Id Name Description Type Status Materialization Version Tecton Transform Version Created At
===================================================================================================================================================================
19ba8091843146dc93e3480cd my-custom-env-0.1 My Custom Env 0.1 CUSTOM READY 0.9.0 0.0.3 2024-01-01 00:51:43 UTC
Use an Environment in a Feature View
You can specify the environment name in your Feature definition by setting the
environment
field.
Below is an example Batch Feature View that uses the fuzzywuzzy
package
available in the my-custom-env-0.1
environment.
from data_sources import product_source
from entities import product
from tecton import batch_feature_view
from tecton.types import Field, Float64, String, Timestamp
fv_schema = [
Field("product_id", String),
Field("timestamp", Timestamp),
Field("product_name", String),
Field("similarity_score", Float64),
Field("partial_similarity_score", Float64),
]
@batch_feature_view(
sources=[product_source],
entities=[product],
mode="pandas",
schema=fv_schema,
environment="my-custom-env-0.1",
)
def moch_cheesecake_similarity(product_df):
from fuzzywuzzy import fuzz
baseline = "Mocha Cheesecake Fudge Brownie Bars"
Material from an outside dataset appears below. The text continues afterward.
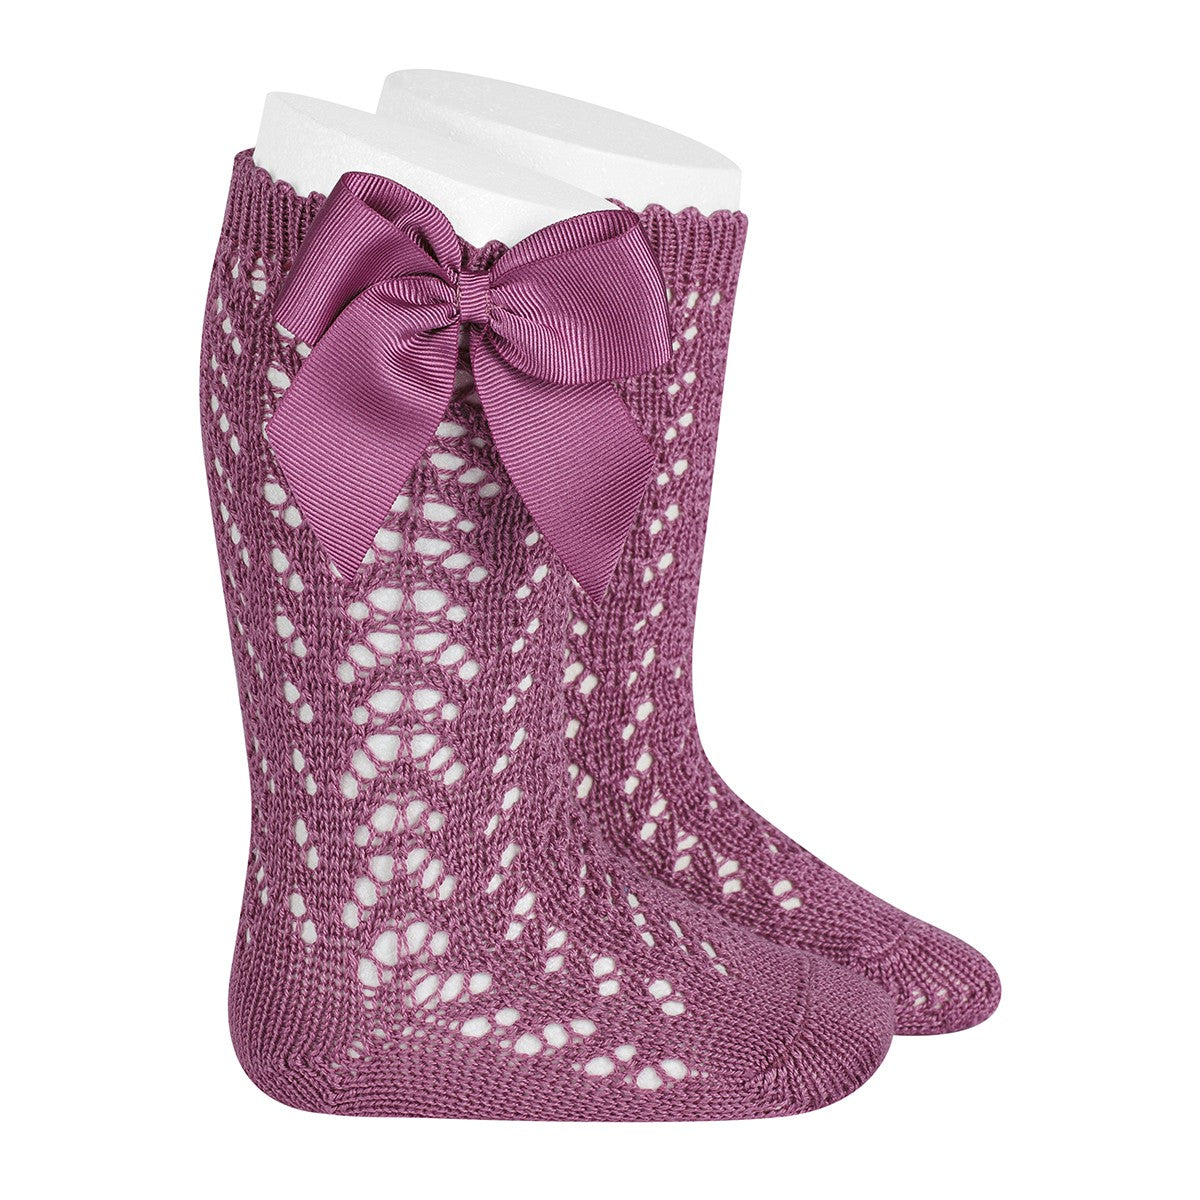 Socks - CASSIS   - Perle openwork knee-high socks with bow-25192-669

product_df["similarity_score"] = product_df["product_name"].apply(lambda name: fuzz.ratio(name, baseline))
product_df["partial_similarity_score"] = product_df["product_name"].apply(
lambda name: fuzz.partial_ratio(name, baseline)
)
return product_df
Delete an Environment
A custom environment can be deleted via the CLI using the tecton environment delete command. Deletion will fail if the environment is actively being used in a Feature View.
Usage Notes & FAQs
Usage Notes
- The Admin role is required to create and delete a custom environment via the Tecton CLI.
- Custom environments should be unique across all workspaces and can only contain letters, numbers, hyphens, and underscores.
- Environment creation takes place asynchronously, typically in 2-10 minutes. An
environment should be in
READY
status before it can be used -- check its status withtecton environment get
).
FAQ: How do I resolve dependency resolution errors during environment creation?
- These can be caused by conflicting version requirements in the
requirements.txt
file. Run theresolve-dependencies
command to view the fully resolved set of requirements and identify incompatible version specifications. - Verify that each dependency in the
requirements.txt
file has a.whl
file available for download in PyPI (or any custom Artifactory) for the relevant Python version and x86 architecture. - Tecton uses the
pex
utility to generate the fully resolved dependency set. To inspect the
underlying commands, run the
tecton environment resolve-dependencies --verbose
.
FAQ: How do I check which dependencies are available in my custom environment?
- Run tecton environment describe to see the input requirements as well as the fully resolved set of dependencies for a custom environment.